The remaining votes were divided between a motley circus of ultra-leftists, green nuts, animal rights lunatics, and traditional socialists and conservatives.

Also notable was the harsh defeat of the environmentalists, who received 13.5 percent of the vote in previous euro polls in 2019, but this time only 5.7 percent, proof that voters are fed up with dogma. Net Zero.

“France has entered a new political moment,” admitted Jean-Luc Mélenchon, the leader of the Corbyn-style ultra-leftists.

So much for the losers. But what happens to the winners?

How did Marine Le Pen, figurehead and former president of the National Rally, manage to triumph against Macron after losing the presidential elections to him in 2017 and 2022?

Marine Le Pen, president of the far-right French National Rally, has her sights set on a presidency in 2027

Marine Le Pen, president of the far-right French National Rally, has her sights set on a presidency in 2027

This week’s results are a sign of both his political resilience and his deft repositioning of the party.

But they are also a savage sign of Macron’s arrogant inability to show the slightest empathy with ordinary French voters.

Le Pen’s second presidential challenge to Macron, in 2022, failed among other things because the heavily subsidized French media and television stations fawned over the sitting president, while demonizing her as an “extremist” or even a “fascist.” ”, which it is not.

In any case, its economic policy is left-leaning.

Where it has been clear is in its unequivocal opposition to uncontrolled immigration by groups that do not share or respect French social values.

His other masterstroke has been the promotion of the victorious National Rally leader, Jordan Bardella, an extraordinary young politician, only 28 years old, who burst onto the political scene with his masterful leadership of the party’s European election campaign.

With Le Pen focusing on her 2027 presidential campaign, the chiseled-jawed millennial is the most likely candidate for prime minister.

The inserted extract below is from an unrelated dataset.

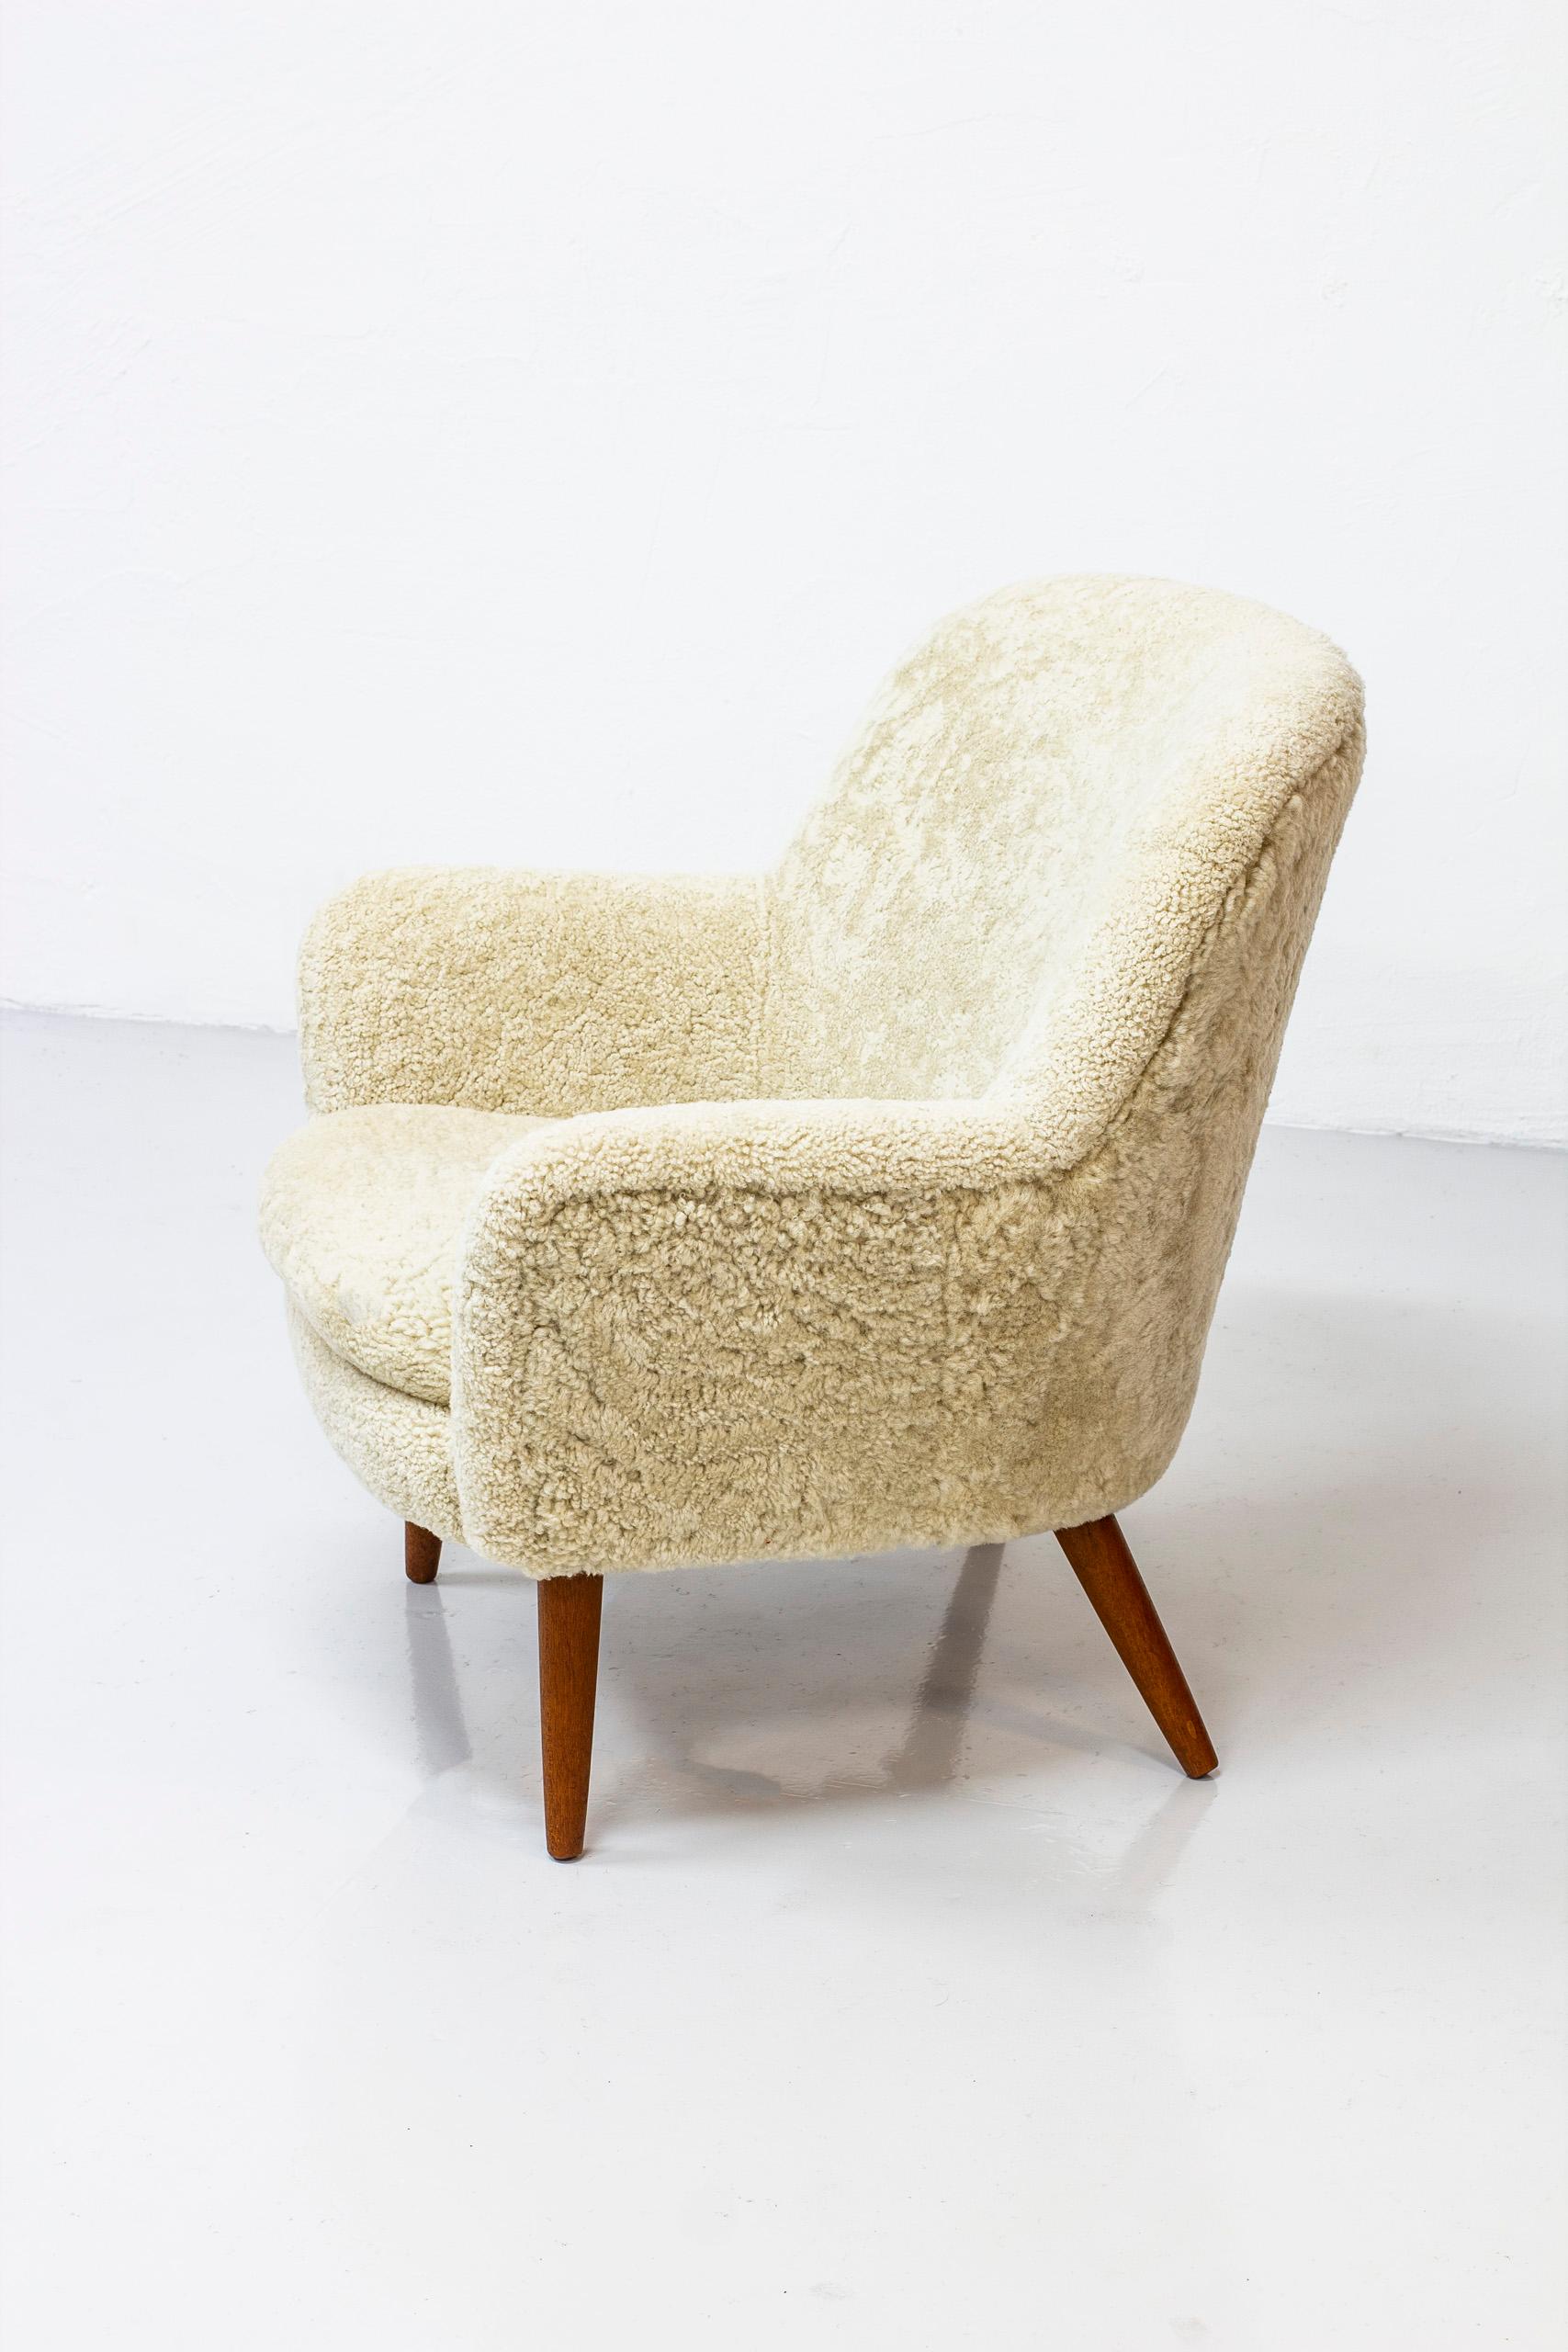 Scandinavian Modern Easy Chair with Sheep Skin by Hans Olsen, Denmark, 1950s

Le Pen lost to Macron in the 2017 and 2022 elections, but the political dynamics in France appear to be about to change.

Le Pen lost to Macron in the 2017 and 2022 elections, but the political dynamics in France appear to be about to change.

Totally different from typical French politicians, the affable, martial arts-loving Bardella grew up in a crime-ridden tower block in the northeastern Paris suburb of Drancy, the only child in a family of immigrant origin. His mother’s family came to France from Turin in the 1960s, while his father’s family has origins in Algeria.

A precocious student, he graduated from high school with distinction and briefly studied at the elite Sorbonne University in Paris before dropping out to focus on politics.

He joined the National Front, predecessor of the National Rally, in 2012, out of admiration for Le Pen.

He made his mark by campaigning in what seemed the party’s least promising territories – the deprived suburbs in “the forgotten territories of the Republic” – and warned that French civilization “could die… because it will be submerged by immigrants.”

He has triumphantly sought new voters, establishing himself as the new face of the French right.

The collapse of Macron’s presidency and the rise of Le Pen have opened up a new and unprecedented political dynamic in a country that has been declining for years under the management of a political elite that has become increasingly distanced from the people it governs.

Macron increasingly resembles Louis XVI, who, when a mob stormed the Bastille in 1789, asked a noble advisor: “Is it a revolt?” The duke replied: “No, sir, it is not a revolt, it is a revolution.”